Deux générations sur le même balcon (Dossier spécial seniors)
Alors que les frais destinés au logement restent la dépense qui pèse le plus dans le porte-monnaie des Français, les conditions d'accès à un appartement se compliquent de génération en génération.
Aujourd'hui, des garanties strictes sont exigées par les propriétaires : a minima, des fiches de paye attestant d'un revenu mensuel au moins trois fois supérieur au montant du loyer. Certains n'hésitent pas à basculer de l'indiscrétion à la discrimination en affichant leurs prétentions sur la Toile. Ainsi, des locations « pour situations stables » sont proposées à de potentiels locataires aux « CDI demandés ». Les agences immobilières, moins regardantes, jouent les passeurs et laissent une facture salée de 13€/m2. Dans ce contexte difficile, trouver un appartement peut s'avérer très compliqué pour les étudiants, encore inactifs sur le marché de l'emploi.
La cohabitation intergénérationnelle se présente alors comme une alternative innovante qui propose une même solution à deux problèmes de société. D'un côté, les difficultés que rencontrent les jeunes de moins de 30 ans pour se loger ; de l'autre, l'isolement dont sont victimes les seniors. Cet échange de bons procédés semble donc favorable aux deux tranches d'âge : l'une sans le sou, l'autre vulnérable.
Gagnant- gagnant
Opter pour un logement intergénérationnel comporte de nombreux avantages. Pour les personnes âgées qui proposent de partager leur logement, cohabiter signifie maintenir un lien social dynamisant, entretenir des échanges au quotidien et se sentir sécurisées en cas d'imprévus. Si la cohabitation procure un complément de revenus pour certains, d'autres au contraire n'exigent aucune participation aux frais et mettent en avant l'aspect humain de cette aventure transgénérationnelle.

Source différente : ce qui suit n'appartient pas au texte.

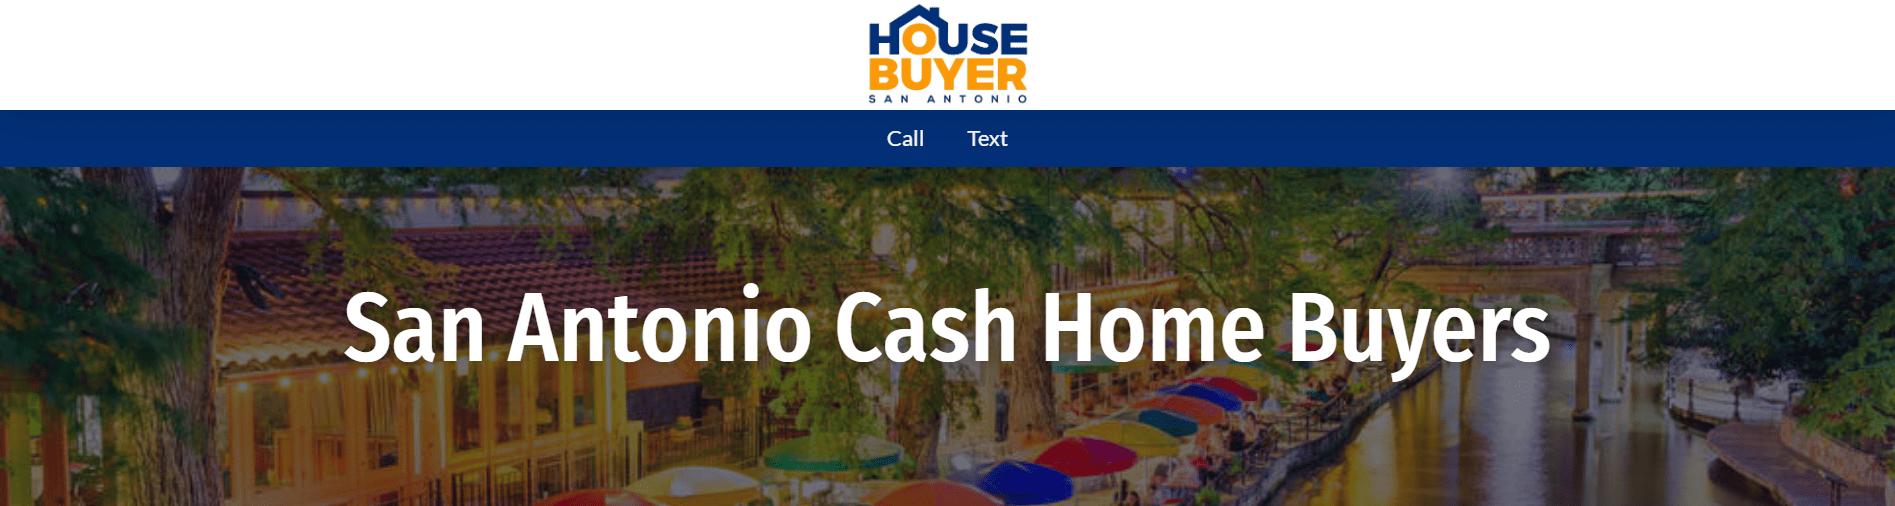 Agent immobilier San Antonio
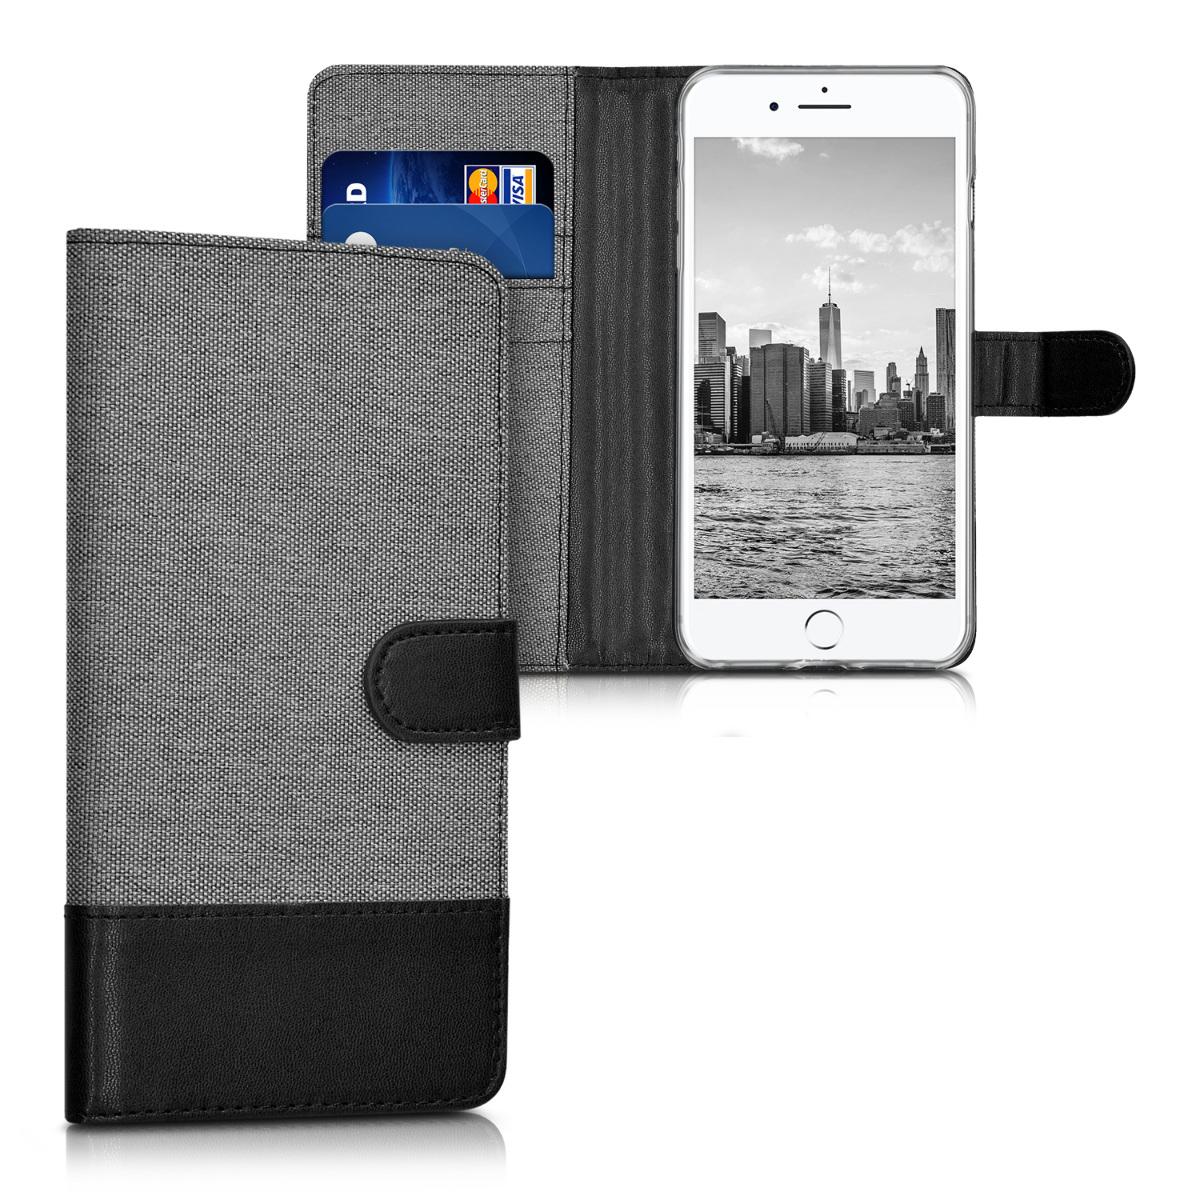 KW Θήκη Πορτοφόλι iPhone 7 Plus / 8 Plus - Grey / Black Canvas (39496.22)

Du côté des jeunes, notamment ceux qui quittent le foyer familial pour la première fois, cette solution est également un rempart contre la solitude qui résulte de leur arrivée dans un nouvel environnement. En plus de rassurer leurs parents, ils auront l'assurance d'investir un logement confortable, de courte durée et à un prix défiant toute concurrence : un bénéfice non négligeable à une période qui leur demande de la mobilité et de faibles dépenses. Ce mode de vie peut également s'avérer efficace pour des jeunes travailleurs amenés à exercer une activité à temps partiel, dans une ville éloignée de leur domicile. Mais cette colocation atypique est avant tout l'occasion précieuse d'entretenir un dialogue régulier avec leurs aînés et d'acquérir une meilleure connaissance de cette génération et de ses besoins. Resserrer les liens sociaux à travers les aléas du « vivre ensemble » semble bien l'objectif principal de ce dispositif.
Dispositif encadré
Cette initiative sociale et citoyenne voit sa cote de popularité grimper en flèche depuis plus de dix ans. Pour chapeauter les binômes, des associations se sont développées partout en France. Elles se chargent de mettre en relation les hébergeurs et les hébergés en fonction de leur profil et de leurs attentes, et veillent au respect de valeurs mutuelles. Entre-aide et convivialité sont les piliers d'un engagement réciproque officialisé sous forme de charte. Au lendemain de la canicule de 2003, ces structures locales et régionales se sont fédérées au sein du réseau CosI. Alertées par la vague de décès causés par les fortes chaleurs, les associations ont décidé de mettre en place une alternative durable afin de lutter contre l'isolement des seniors.
Aujourd'hui, il existe deux modèles principaux de cohabitation solidaire intergénérationnelle. Une formule exempte de loyer, dans laquelle le jeune s'engage à être présent le soir et à aider la personne âgée dans certaines taches (faire les courses, le ménage, cuisiner, sortir les poubelles...). Cet accord est en partie tributaire de l'autonomie du senior mais, dans tous les cas, le colocataire ne se substitue pas à une aide à domicile ou à un accompagnement médicalisé, tout comme son aîné ne devient pas son assistante sociale. Vous pouvez également opter pour un format plus « traditionnel », où l'étudiant est hébergé à domicile en échange d'un petit loyer ou d'une participation aux frais (entre 70 et 200€ par mois). Le jeune est alors complètement indépendant mais doit toujours être en mesure de respecter ses engagements en s'investissant durablement dans l'élaboration d'une vie quotidienne faite d'écoute et de partage. Le retraité, lui aussi, doit être capable de s'adapter au mode de vie de son hôte afin de construire un équilibre à deux.